• **WHAT IS NEEDED**
Pictures aside, repeat the whole listing word for word.

• **AVAILABLE DATA**
━━━━━━━━━━

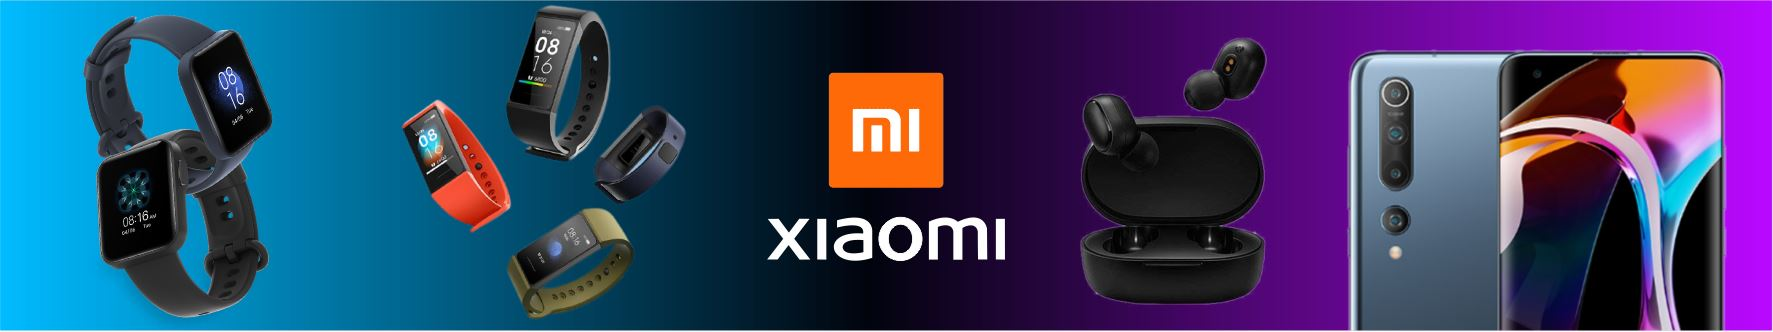 Describe the reasons of trading short put stock options of Xiaomi, and share the advantages and disadvantages of this strategy.
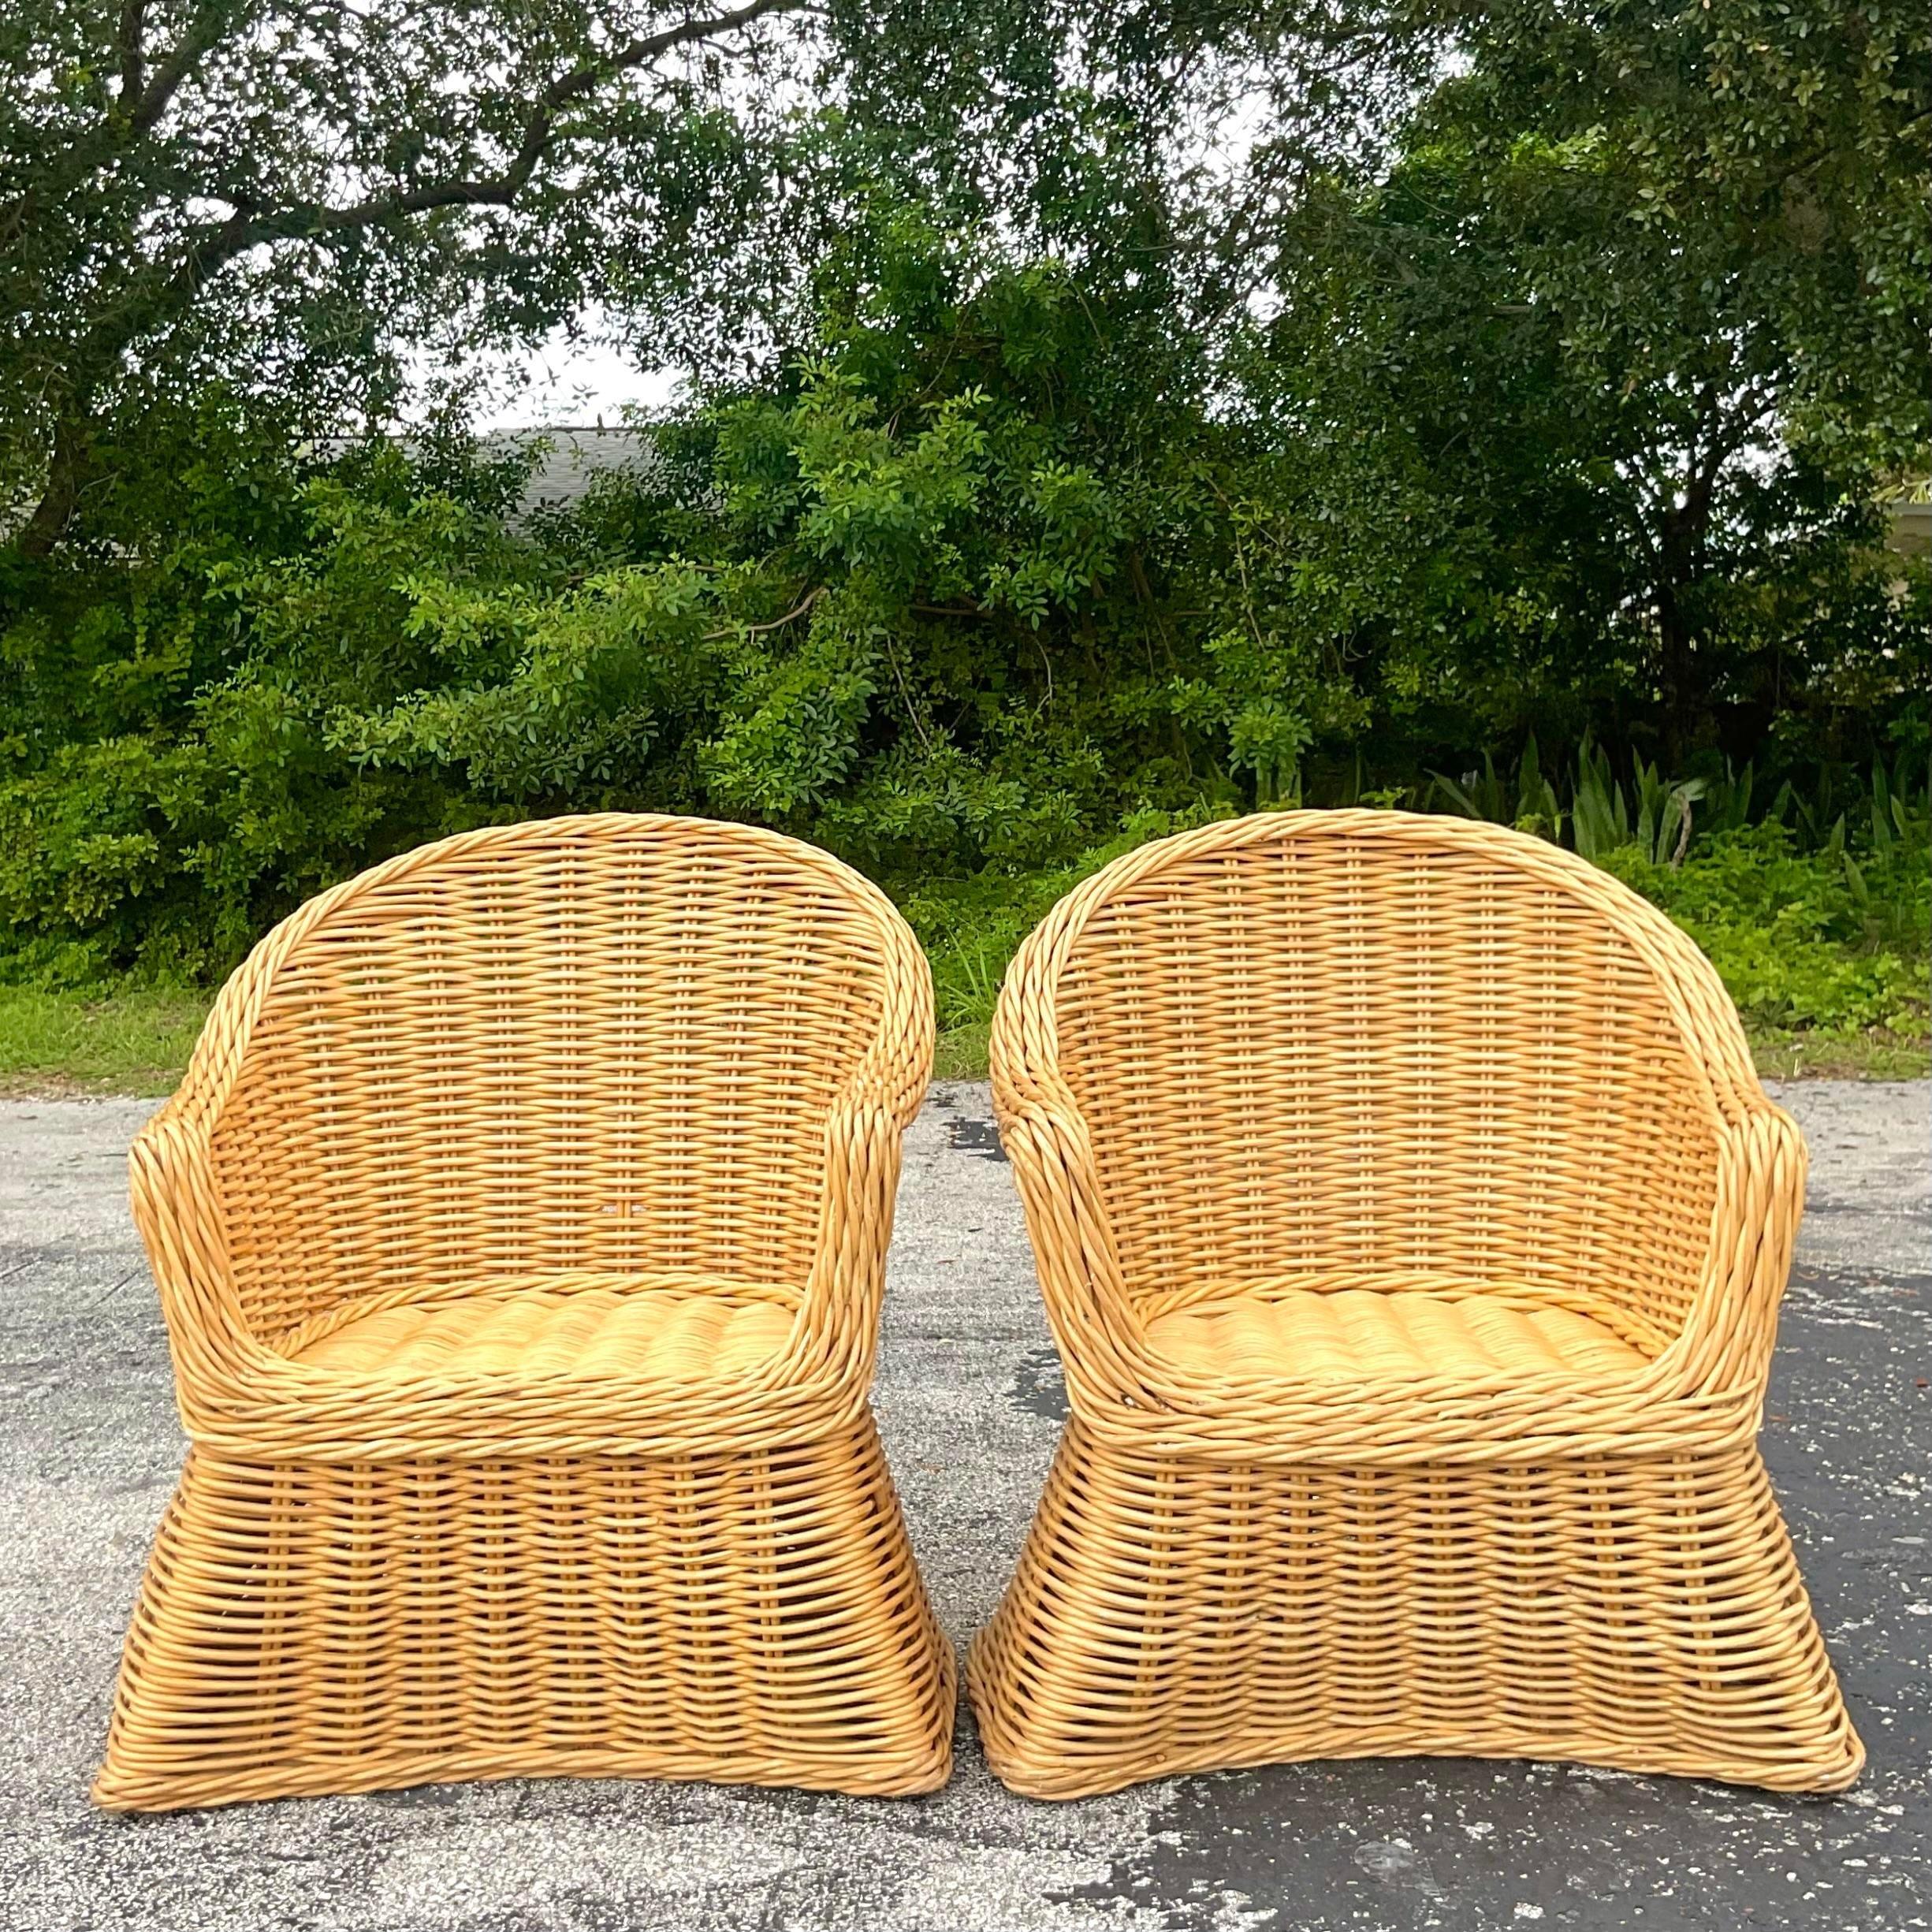 Vintage Coastal Woven Rattan Arm Chairs - a Pair For Sale 1
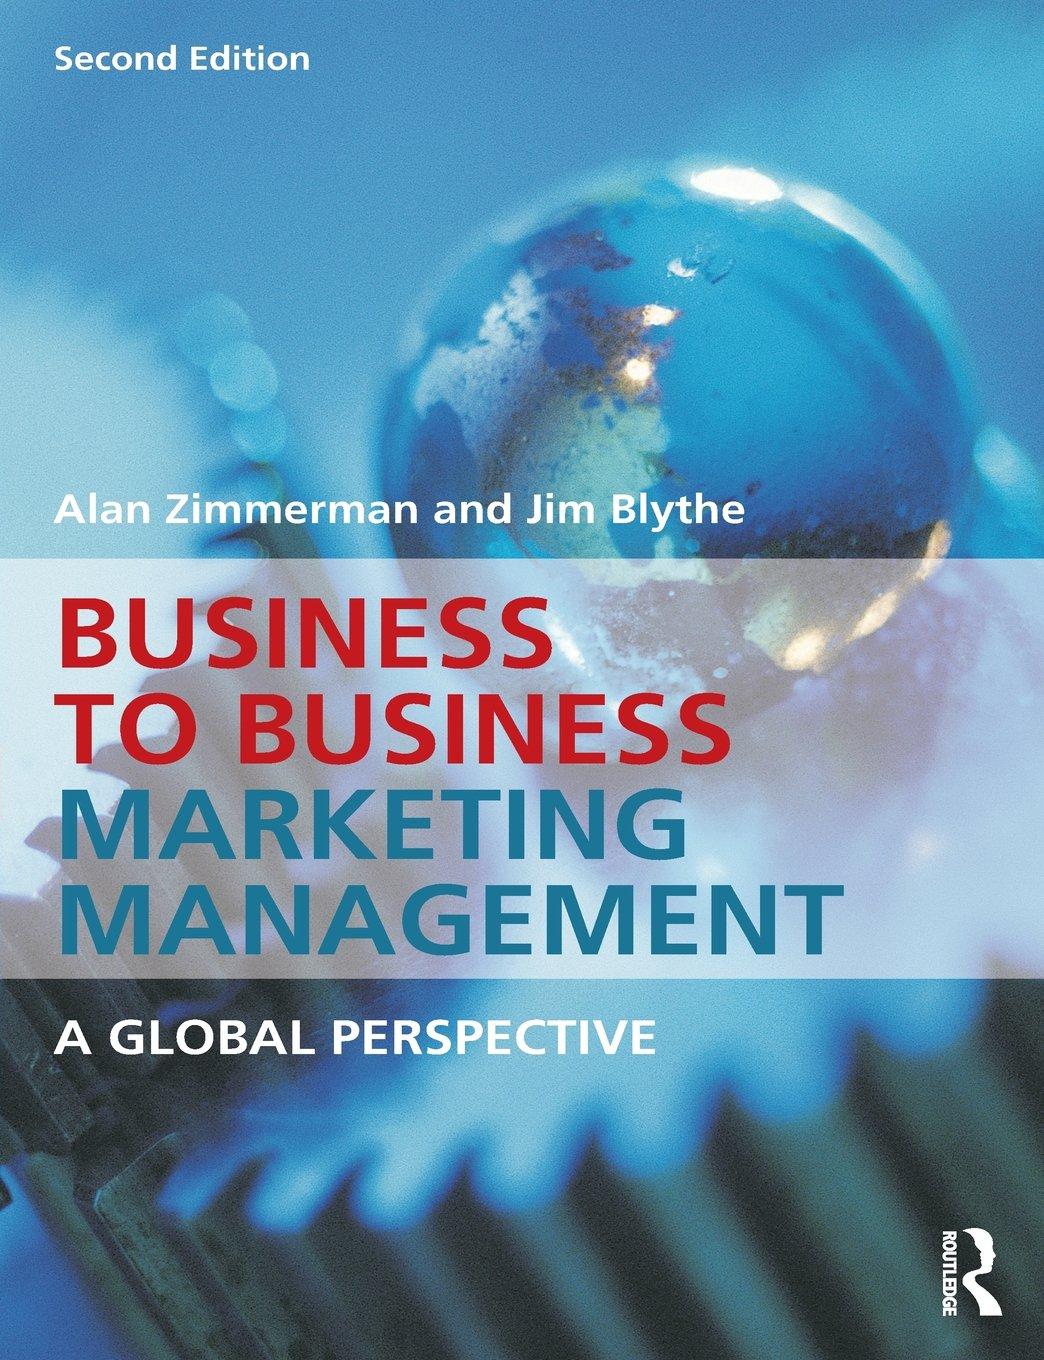 business to business marketing management a global perspective 2nd edition alan zimmerman, jim blythe
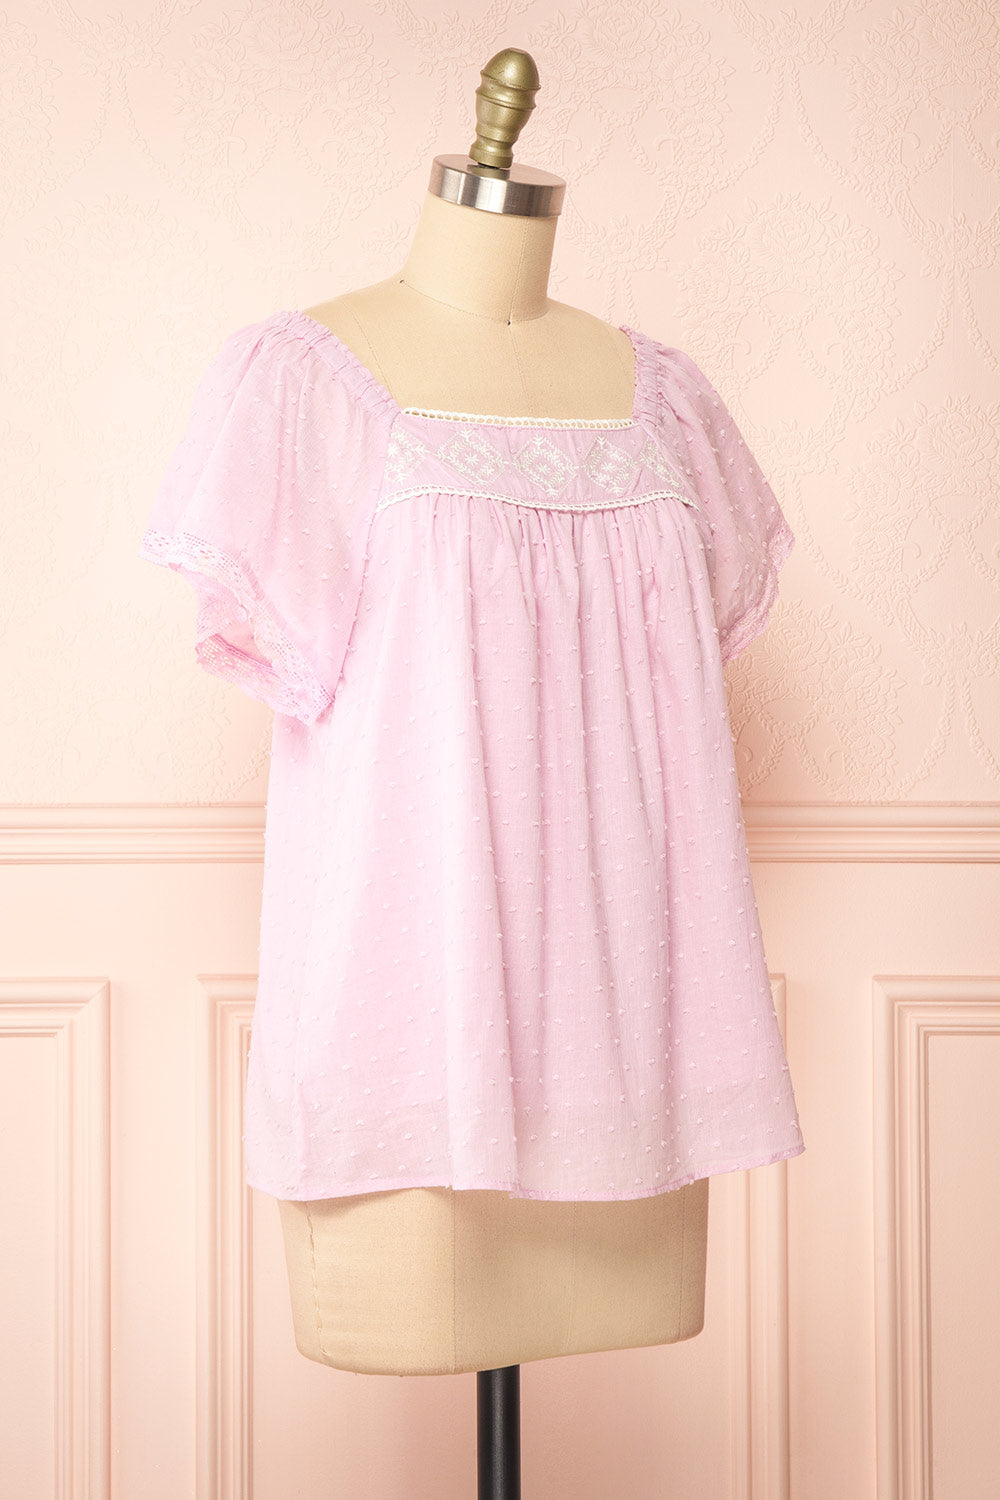 Khalesy Pink Short Sleeve Top w/ Embroidery | Boutique 1861 side view

━━━━━━━━━━

• **RESULT**
 Describe the reasons of trading short put stock options of Xiaomi, and share the advantages and disadvantages of this strategy.
 Vintage Coastal Woven Rattan Arm Chairs - a Pair For Sale 1
 business to business marketing management a global perspective 2nd edition alan zimmerman, jim blythe
 Khalesy Pink Short Sleeve Top w/ Embroidery | Boutique 1861 side view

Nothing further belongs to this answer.